In dem sogenannten Fortschrittsbericht werden Rückschritte aufgelistet - bis
hin zur Unterminierung einer unabhängigen Justiz. Das "Zwischenzeugnis" hätte bis nach der Wahl zurückgehalten werden sollen.
In dem von der EU-Kommission bis nach der Wahl in der Türkei zurückgehaltenen Fortschrittsbericht werden laut einem Medienbericht schwere Vorwürfe gegen Ankara erhoben. Die Unabhängigkeit der Justiz und das Prinzip der Gewaltenteilung seien "wesentlich unterminiert" worden, zitiert die "Bild"-Zeitung am Samstag aus dem Zwischenzeugnis, das vermutlich nächste Woche veröffentlicht werden soll.
"Richter und Staatsanwälte sind starkem politischen Druck ausgesetzt gewesen", insgesamt habe sich die Situation des Rechtssystems "seit 2014 zurück entwickelt".
Auch was das Recht auf Meinungsfreiheit angehe, stelle die EU-Kommission schwere Defizite fest, schreibt die Zeitung weiter: "Die Anzahl von Verhaftungen, juristischen Verfolgungen, Fällen von Zensur und Kündigungen" habe sich dem Bericht zufolge erheblich erhöht. Gleichzeitig hätten die Behörden ihren "starken Druck auf die Medien beibehalten". Mehr als 20 Journalisten säßen in Gefängnissen.
"Sehr schmutziger Deal"
Der sogenannte Fortschrittsbericht, eine Art Zwischenzeugnis für die Beitrittsreife der Türkei, ist schon eine Weile fertig.
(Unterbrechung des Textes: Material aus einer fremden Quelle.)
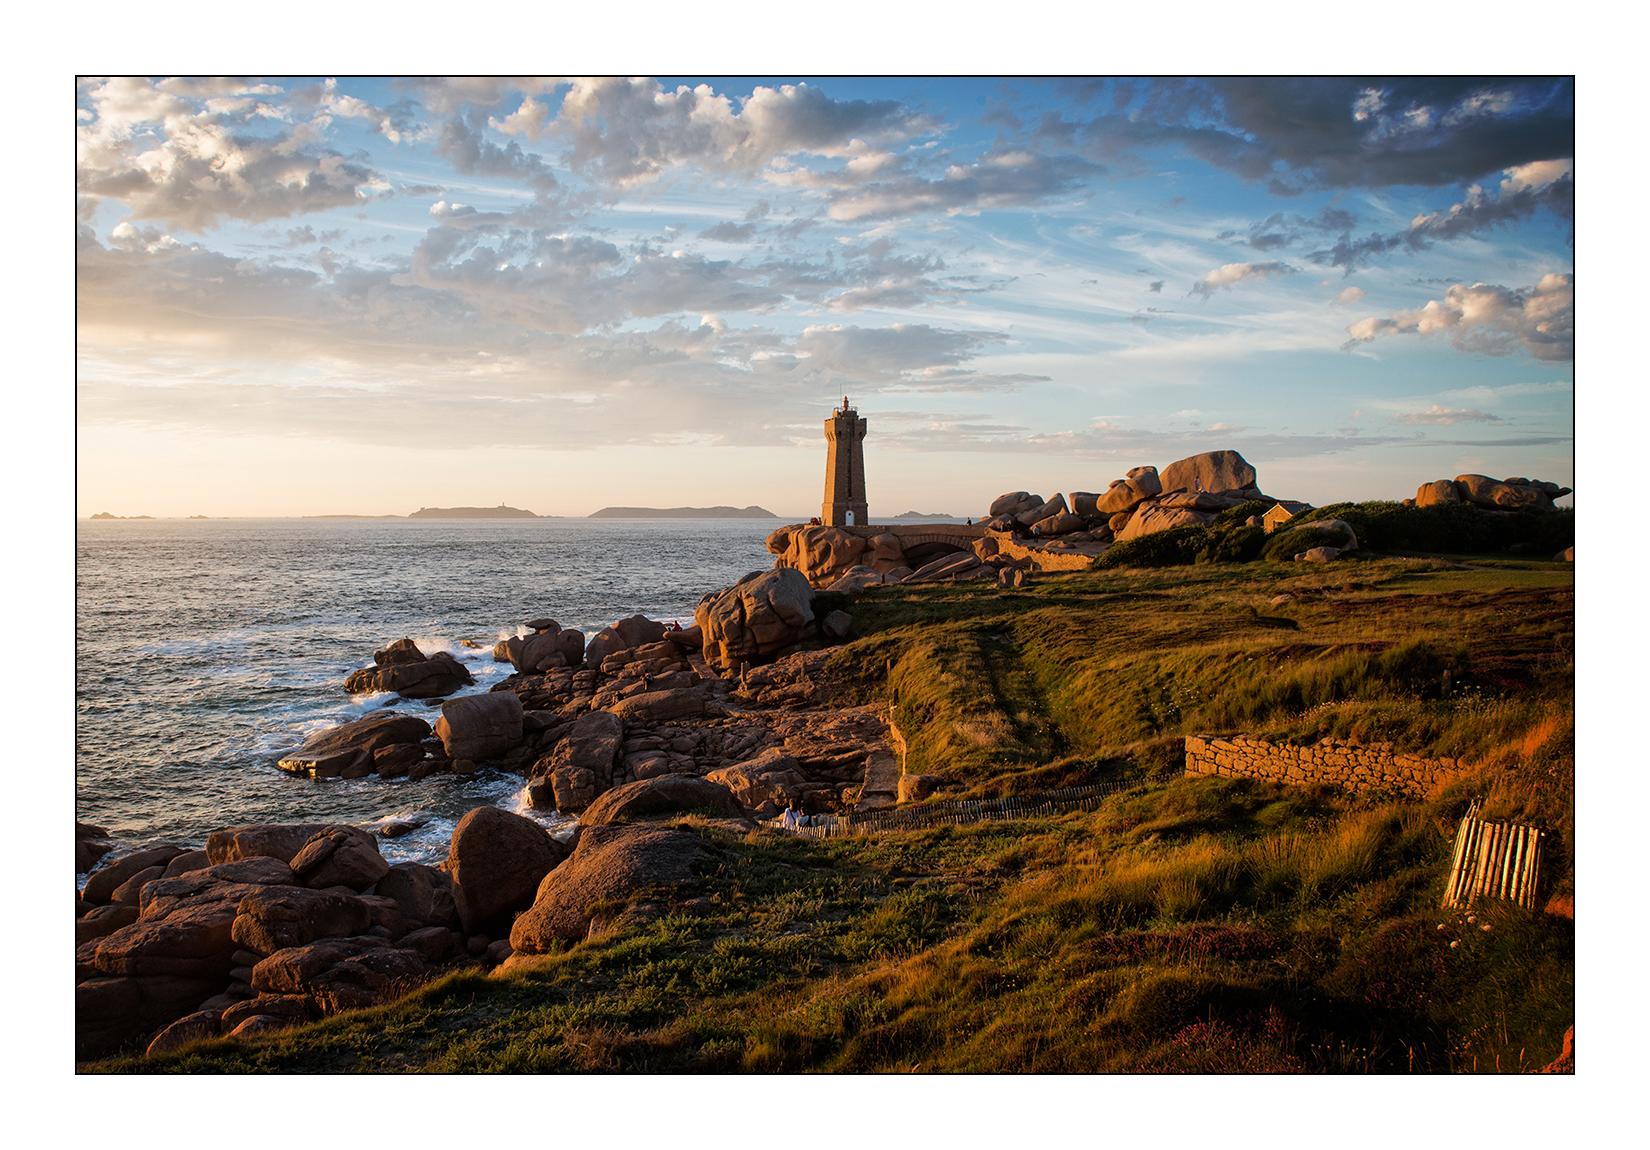 phare-bretagne-illustration-ploumanach-coucher-soleil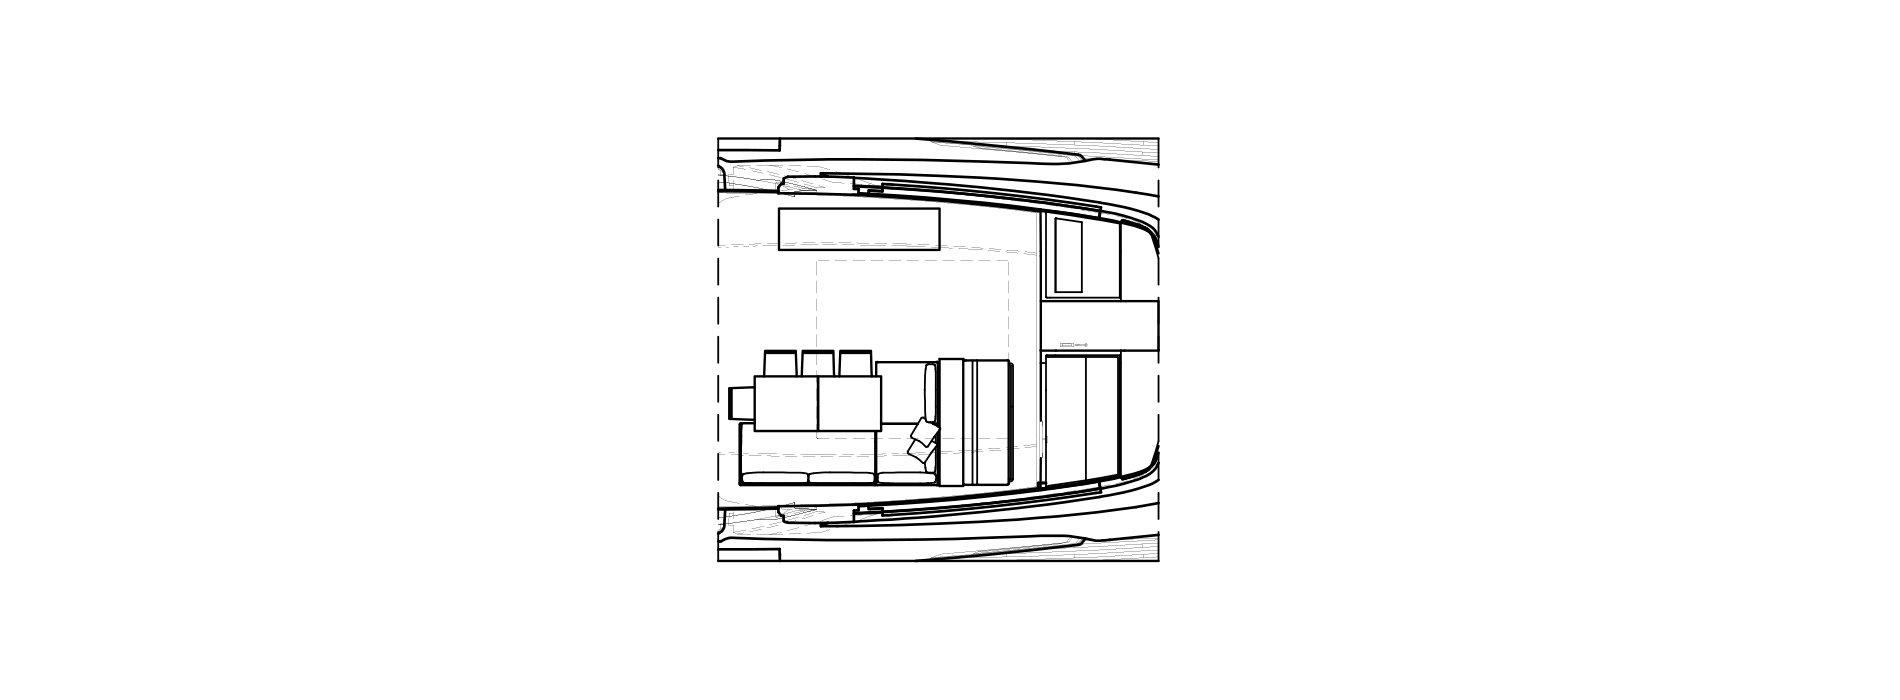 Sanlorenzo Yachts SX88 Detalles Versione B

Dass EU-Kommissionspräsident Jean-Claude Juncker den Bericht dennoch noch nicht veröffentlicht hat, sorgt seit Tagen für scharfe Kritik. Der Aufschub der Veröffentlichung erscheine vor dem Hintergrund der Parlamentswahlen vom Sonntag als "sehr schmutziger Deal", hatte Emma Sinclair-Webb von Human Rights Watch am Freitag der Nachrichtenagentur AFP gesagt. Der Vorwurf: Brüssel zögere mit der Veröffentlichung, um die islamisch-konservative Regierungspartei von Präsident Recep Tayyip Erdogan vor der Wahl nicht zu belasten.
Die EU bemüht sich derzeit intensiv, Ankara für einen gemeinsamen Aktionsplan zur Eindämmung der Flüchtlingskrise zu gewinnen. Im Gegenzug für mehr Zusammenarbeit bei der Grenzsicherung und die Rücknahme von Flüchtlingen aus EU-Ländern verlangt die Regierung aber neben Milliardenunterstützung auch, dass die stockenden Beitrittsgespräche mit Brüssel beschleunigt werden. Ein kritischer Fortschrittsbericht läuft dem zuwider.